Task to complete: Would you reproduce exactly, and only, the lines starting at the one with "RYAN_&_KELLEY_DARLINGTON_HOUSE_WEDDING_2014_7X9A1805.JPG" and ending at the last line of the data, with both included? Leave the pictures out.

Dataset content:
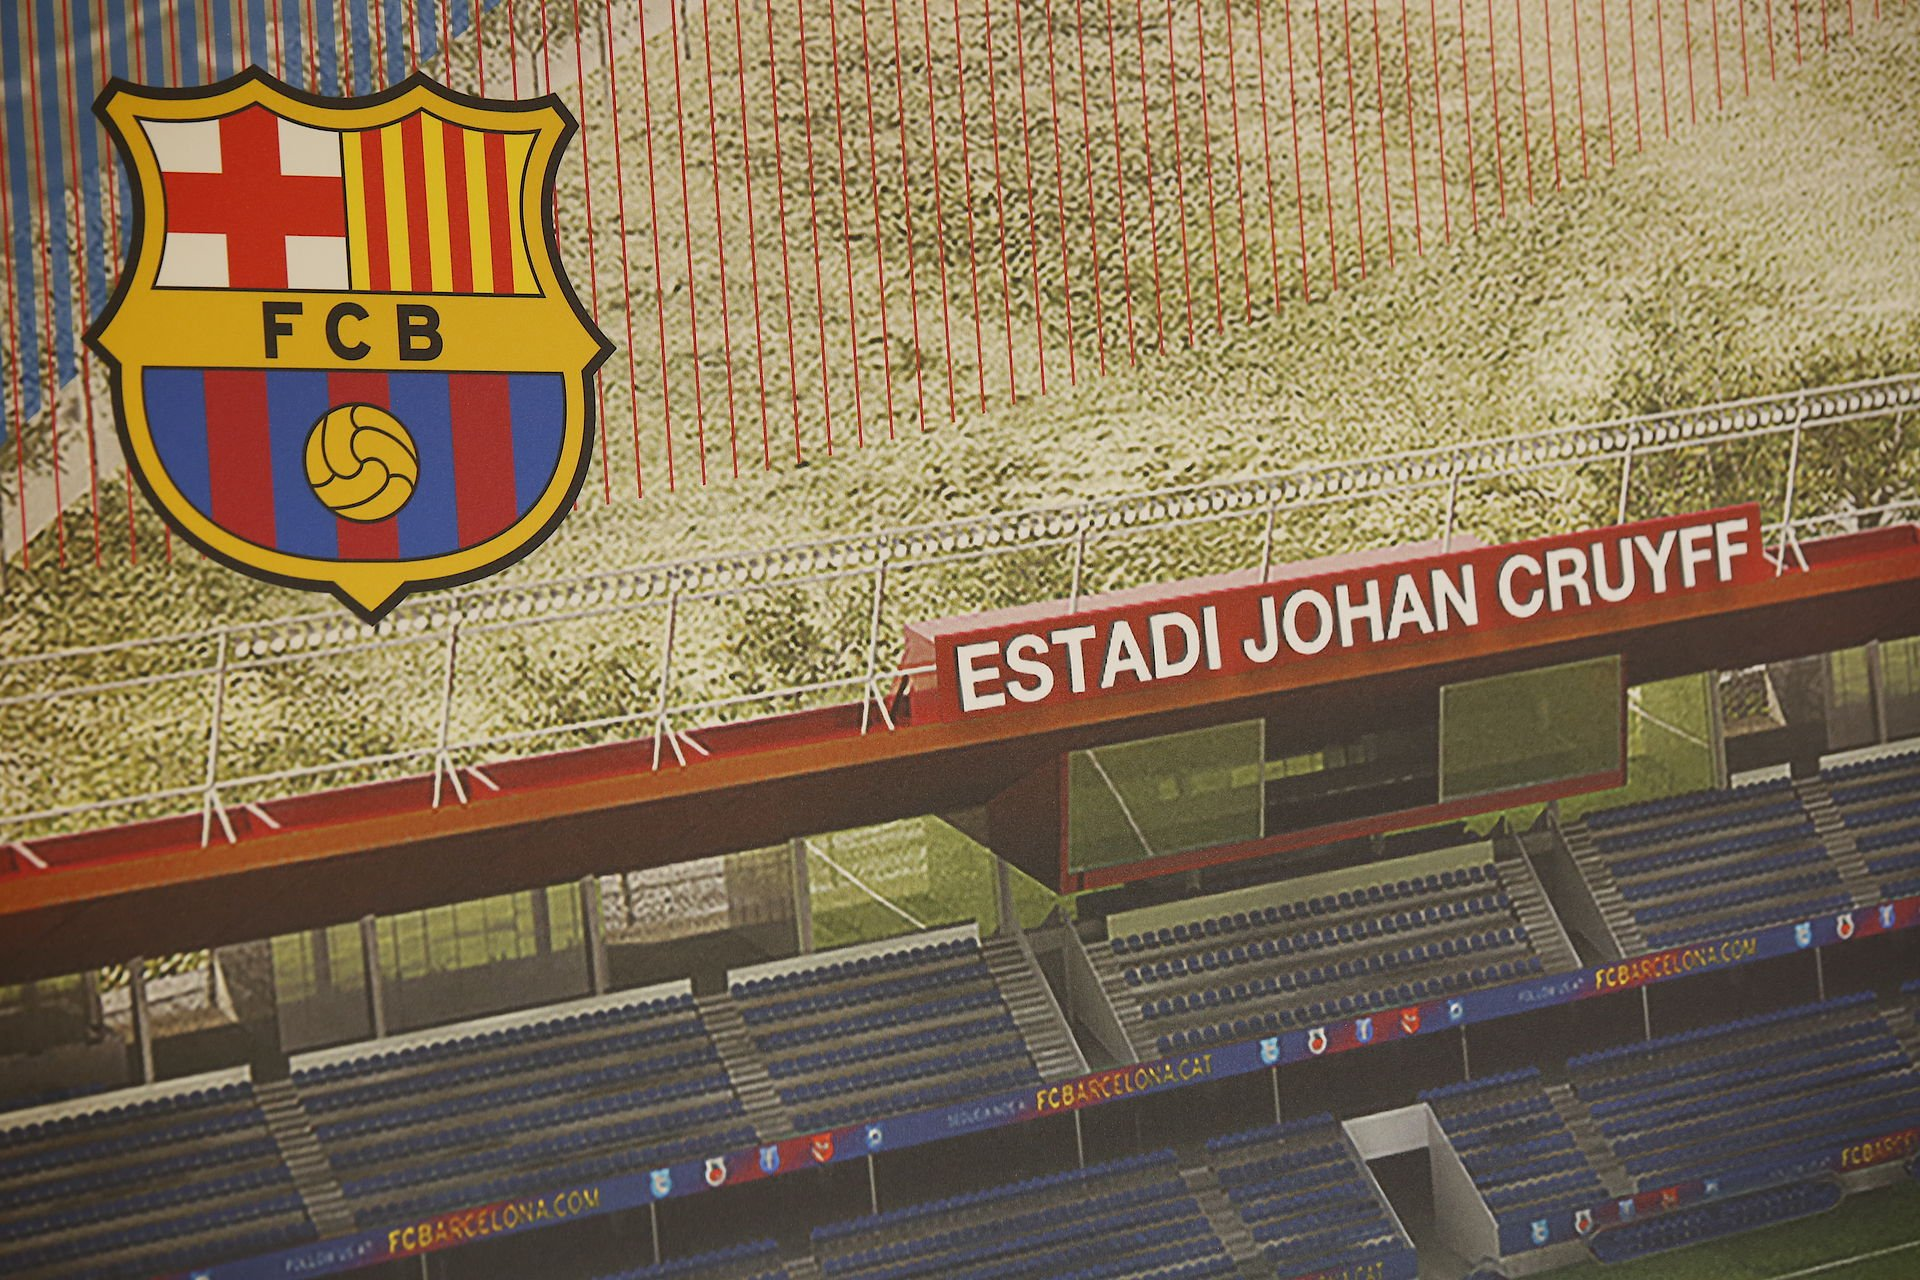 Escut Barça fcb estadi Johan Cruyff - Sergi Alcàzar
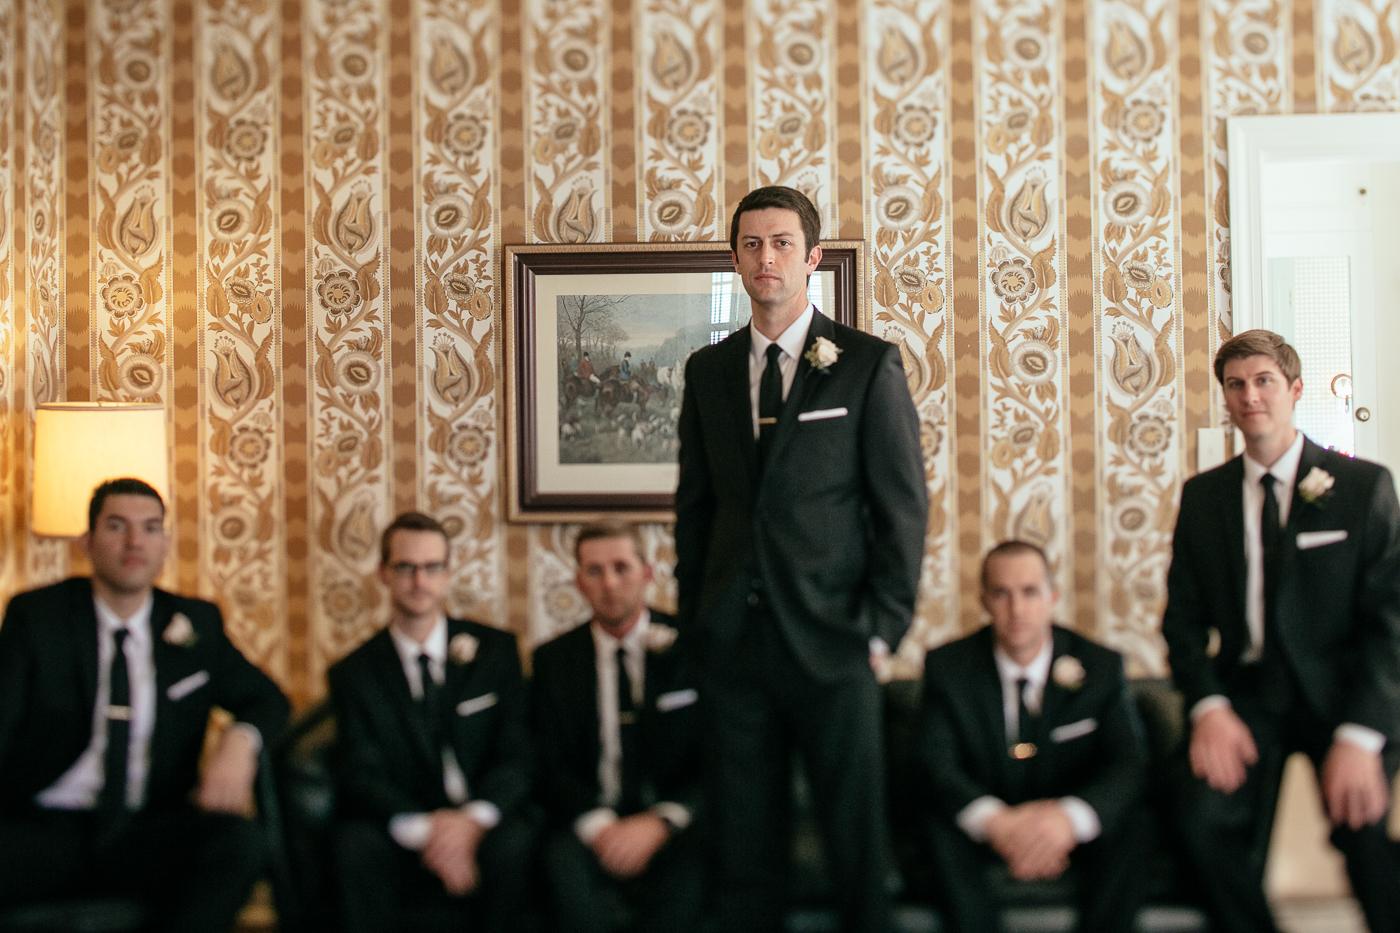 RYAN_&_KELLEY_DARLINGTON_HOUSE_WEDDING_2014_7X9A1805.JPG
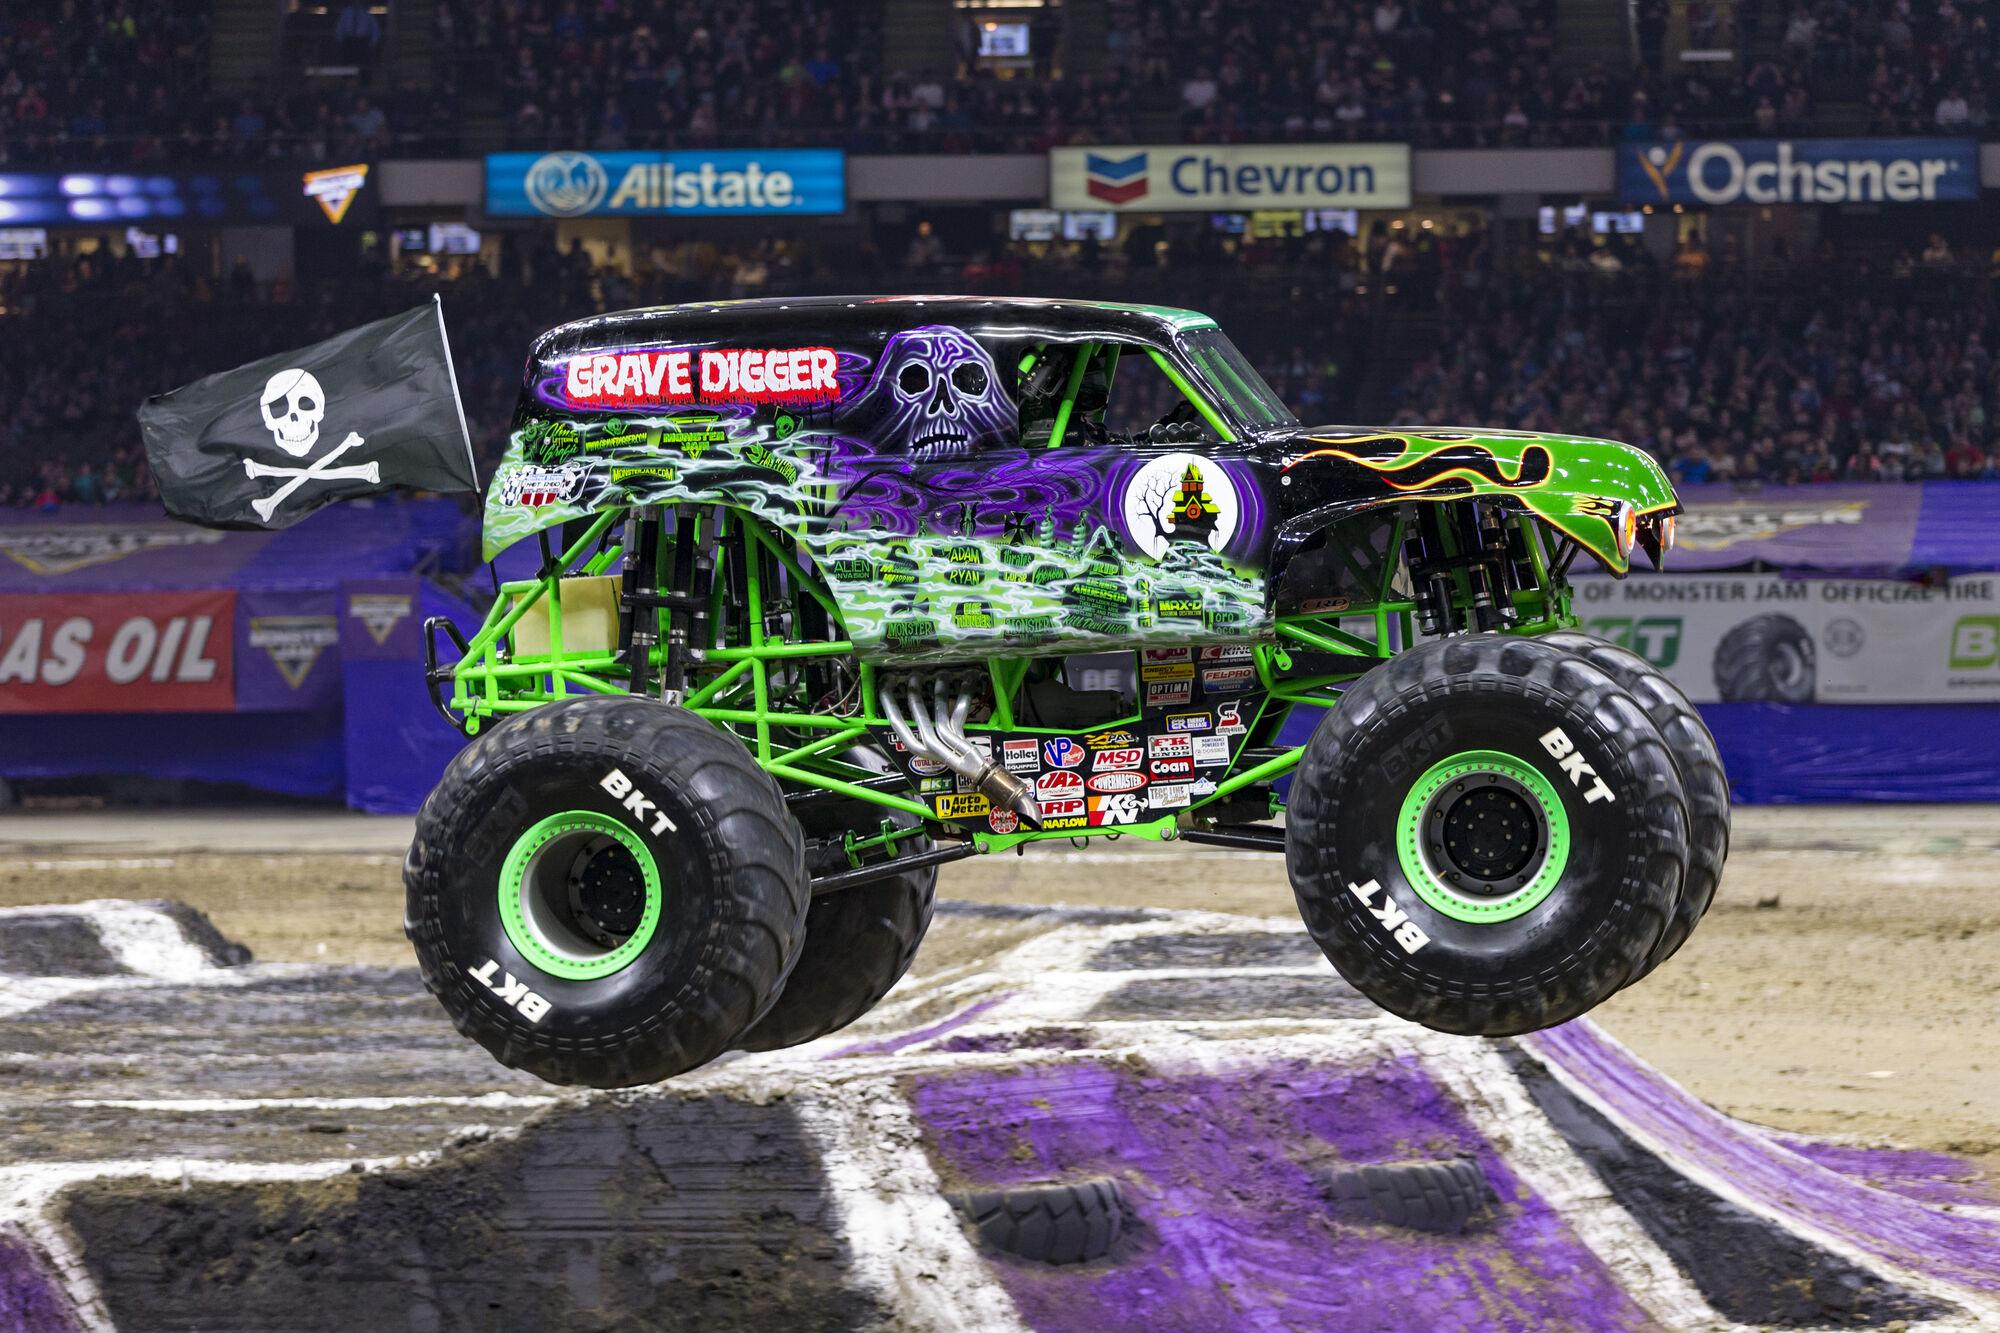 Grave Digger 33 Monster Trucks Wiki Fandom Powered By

Solution below:
 RYAN_&_KELLEY_DARLINGTON_HOUSE_WEDDING_2014_7X9A1805.JPG
 Grave Digger 33 Monster Trucks Wiki Fandom Powered By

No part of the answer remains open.